=== Section Start ===
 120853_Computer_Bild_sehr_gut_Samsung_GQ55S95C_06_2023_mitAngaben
=== Section End ===
=== Section Start ===
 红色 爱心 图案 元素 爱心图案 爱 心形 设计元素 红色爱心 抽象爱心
=== Section End ===
=== Section Start ===
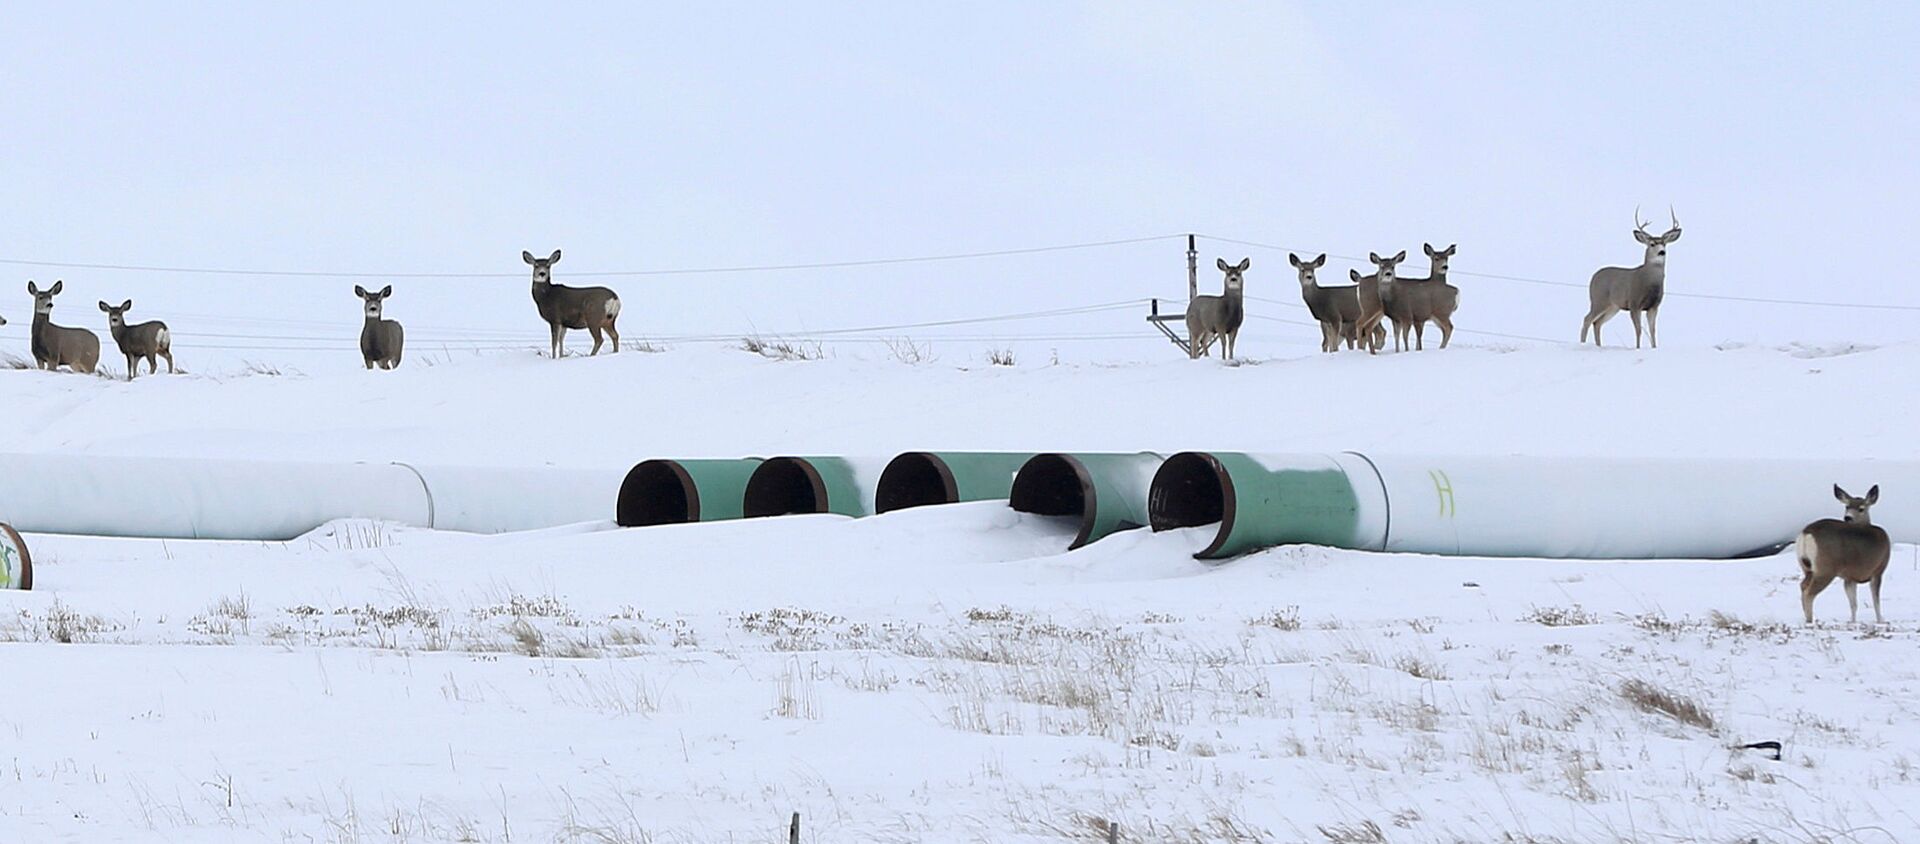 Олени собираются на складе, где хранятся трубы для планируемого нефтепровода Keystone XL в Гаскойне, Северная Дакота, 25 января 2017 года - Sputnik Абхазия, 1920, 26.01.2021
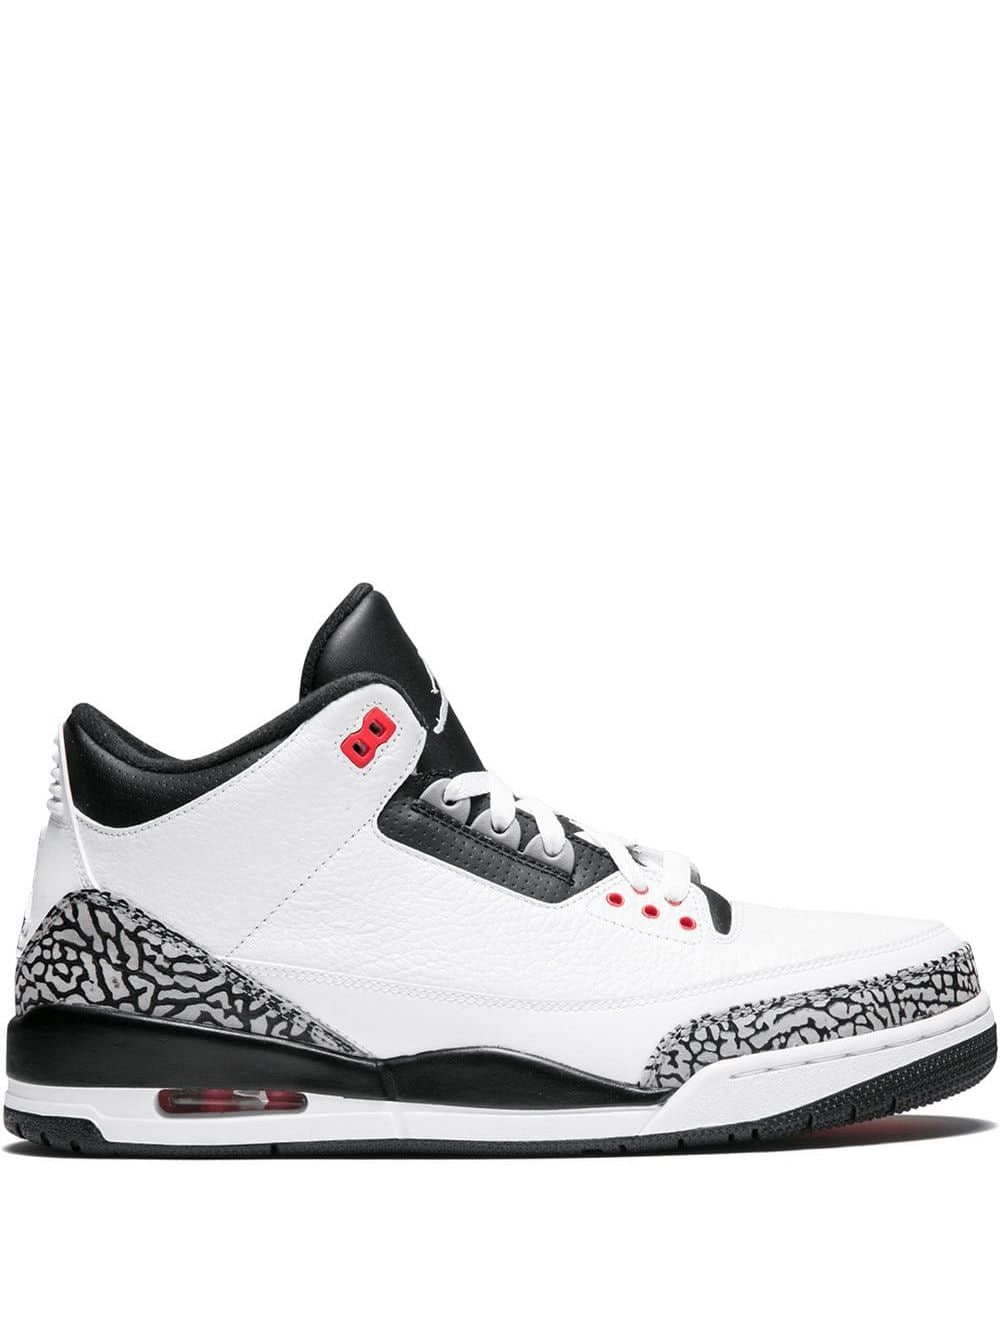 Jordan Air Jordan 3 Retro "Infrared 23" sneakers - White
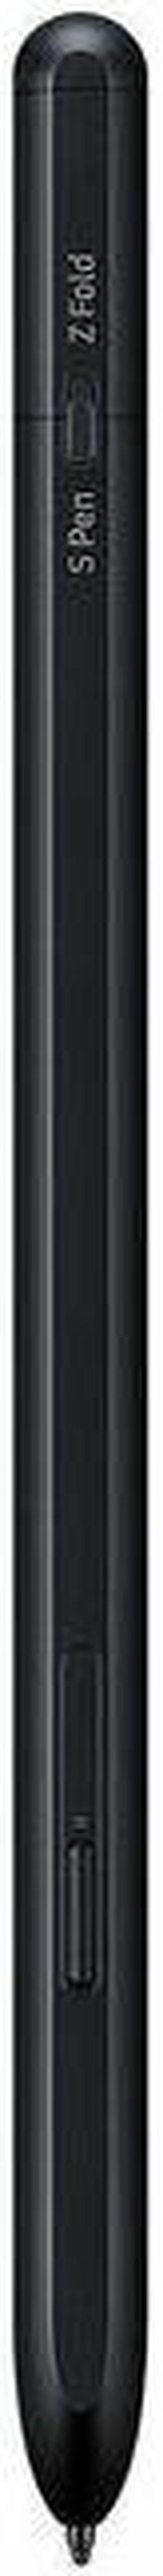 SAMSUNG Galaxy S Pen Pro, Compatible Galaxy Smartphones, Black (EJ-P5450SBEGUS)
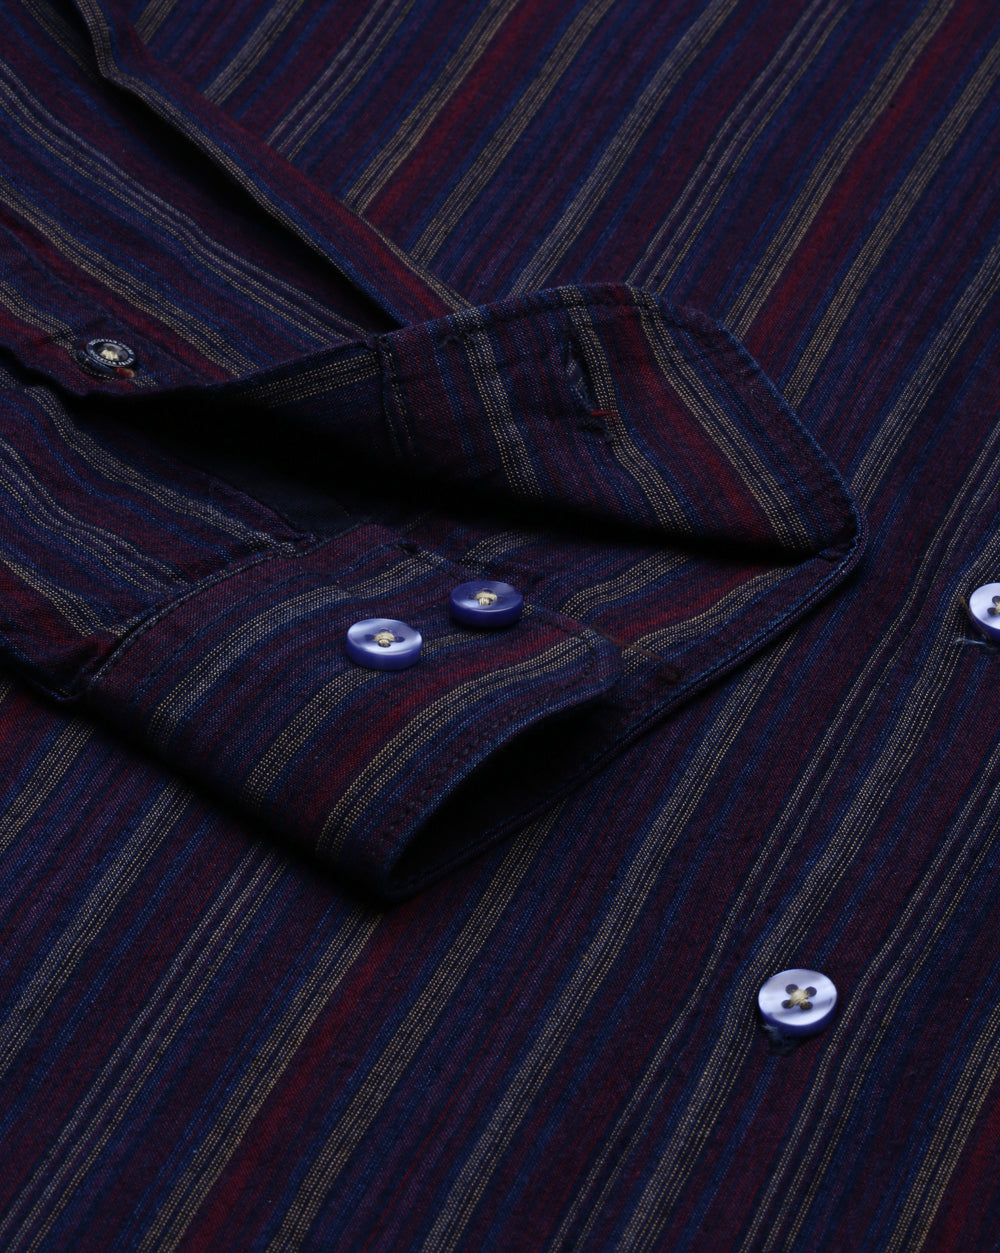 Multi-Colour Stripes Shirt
=== Section End ===
TASK ITEM
Reproduce exactly, with no pictures, the lines above from the one holding "Jordan Air Jordan" to the one holding "Multi-Colour Stripes Shirt", inclusive.

RESULT
 Jordan Air Jordan 3 Retro "Infrared 23" sneakers - White
 SAMSUNG Galaxy S Pen Pro, Compatible Galaxy Smartphones, Black (EJ-P5450SBEGUS)
 Multi-Colour Stripes Shirt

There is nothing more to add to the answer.